The balance sheet total was EUR 534.2 million (EUR 431.4 million), an increase
of 23.8 %. The Group's equity to assets ratio at the end of the period was 39 %
(38.5 %). 

The fair value of the Group's investment property at the end of 2007 was EUR
468.8 million (EUR 392.2 million). The change in the fair value of investment
property was due to the effect of the fair value of properties bought and
completed, a reduction in the return requirements of the market, changes in
future returns and modernization costs, the revaluation of properties owned
throughout the year under review, and increases in the acquisition cost
recognized in separate companies during the year. The effect on profit of the
change in the fair value of investment property was EUR 14.6 million (EUR 16.1
million). 

The Group's total rentable area was 366,045 floor square meters at the end of
2007 (348,415 floor square meters). The Group's average financial occupancy
ratio at the end of the year was 96.8 % (94.4 %). The financial occupancy ratio
describes the rental revenue from the properties as a percentage of the
combined total of the rent for the rented space and the estimated market rent
for the vacant space. The Group's leases at the end of the year totaled EUR
111.0 million (EUR 121.1 million). 

Group structure

The Technopolis Group includes the parent company, Technopolis Plc, which has
operations in Espoo, Jyväskylä, Lappeenranta, Oulu, Tampere and Vantaa, and its
subsidiaries Innopoli Oy (100 % owned) and Kiinteistö Oy Innopoli II (100 %),
both in Espoo, and other subsidiaries. 

The Group has carried out the merger of the following Group subsidiaries with
their respective parent companies: Technopolis JSP Ltd, Technopolis JSPF Oy,
Technopolis Kareltek Ltd, Technopolis TSP Oy, Kiinteistö Oy Hermia Kymppi,
Kiinteistö- ja Sijoitusyhtiö Joreco Oy, Kiinteistöosakeyhtiö Teknologiantie 11,
Kiinteistö Oy Oulun Teknologiatalot, Kiinteistö Oy Oulun Moderava, Kiinteistö
Oy Oulun Mediaani and Medipolis Oy. The purpose of the merger is to increase
the cost efficiency of the Group's operations and streamline Group
administration. 

The parent company has a minority holding in the affiliated companies
Kiinteistö Oy Hermia (49.3 %), Technocenter Kempele Oy (48.5 %), Iin Micropolis
Oy (25.7 %), Jyväskylä Innovation Ltd (24 %) and Lappeenranta Innovation Ltd
(20 %). Technopolis Plc has a 13 % holding in Oulu Innovation Ltd. 

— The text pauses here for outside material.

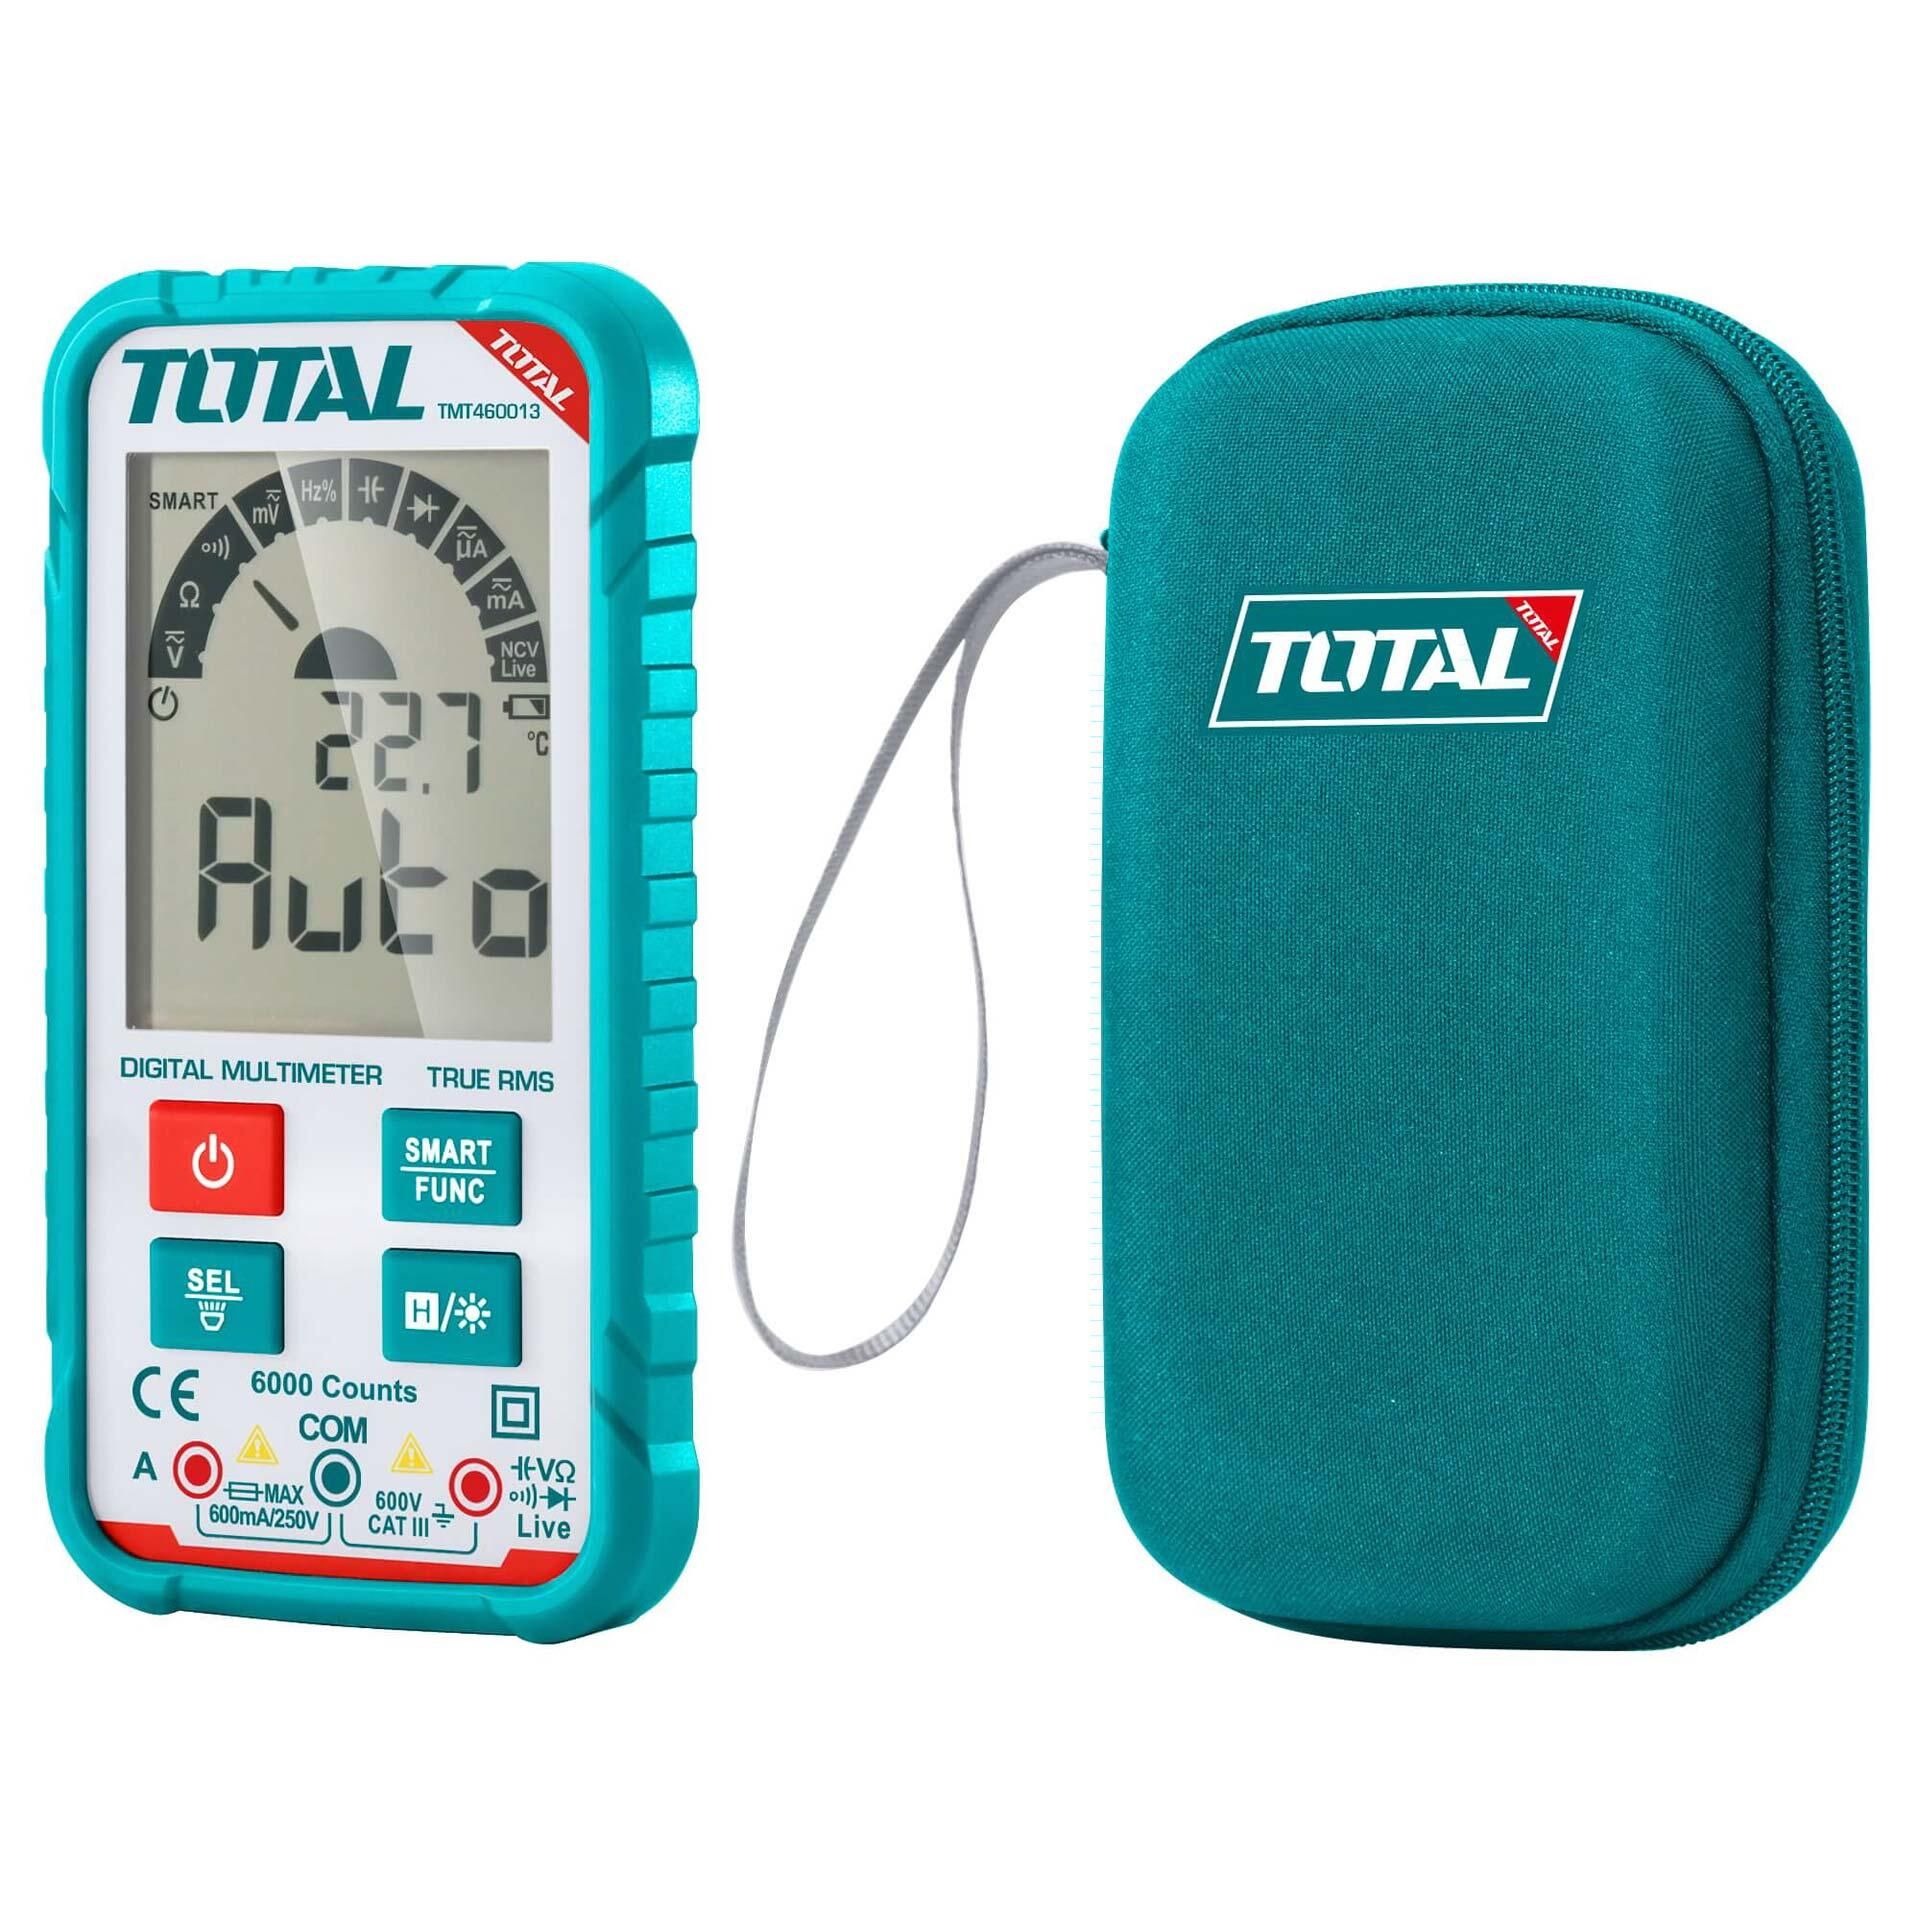  Đồng hồ đo điện vạn năng Total TMT460013

The Group also includes Technopolis Ventures Oy in Espoo (fully owned by
Innopoli Oy). Technopolis Ventures Oy has the subsidiaries Technopolis Ventures
Kareltek Ltd in Lappeenranta (100 % owned), Technopolis Ventures JSP Ltd in
Jyväskylä (100 %), Technopolis Ventures Oulutech Oy in Oulu (70 %) and
Technopolis Ventures Professia Oy in Tampere (50.1 %). Technopolis Ventures Oy
also has a 25 % holding in Otaniemi Development Ltd. 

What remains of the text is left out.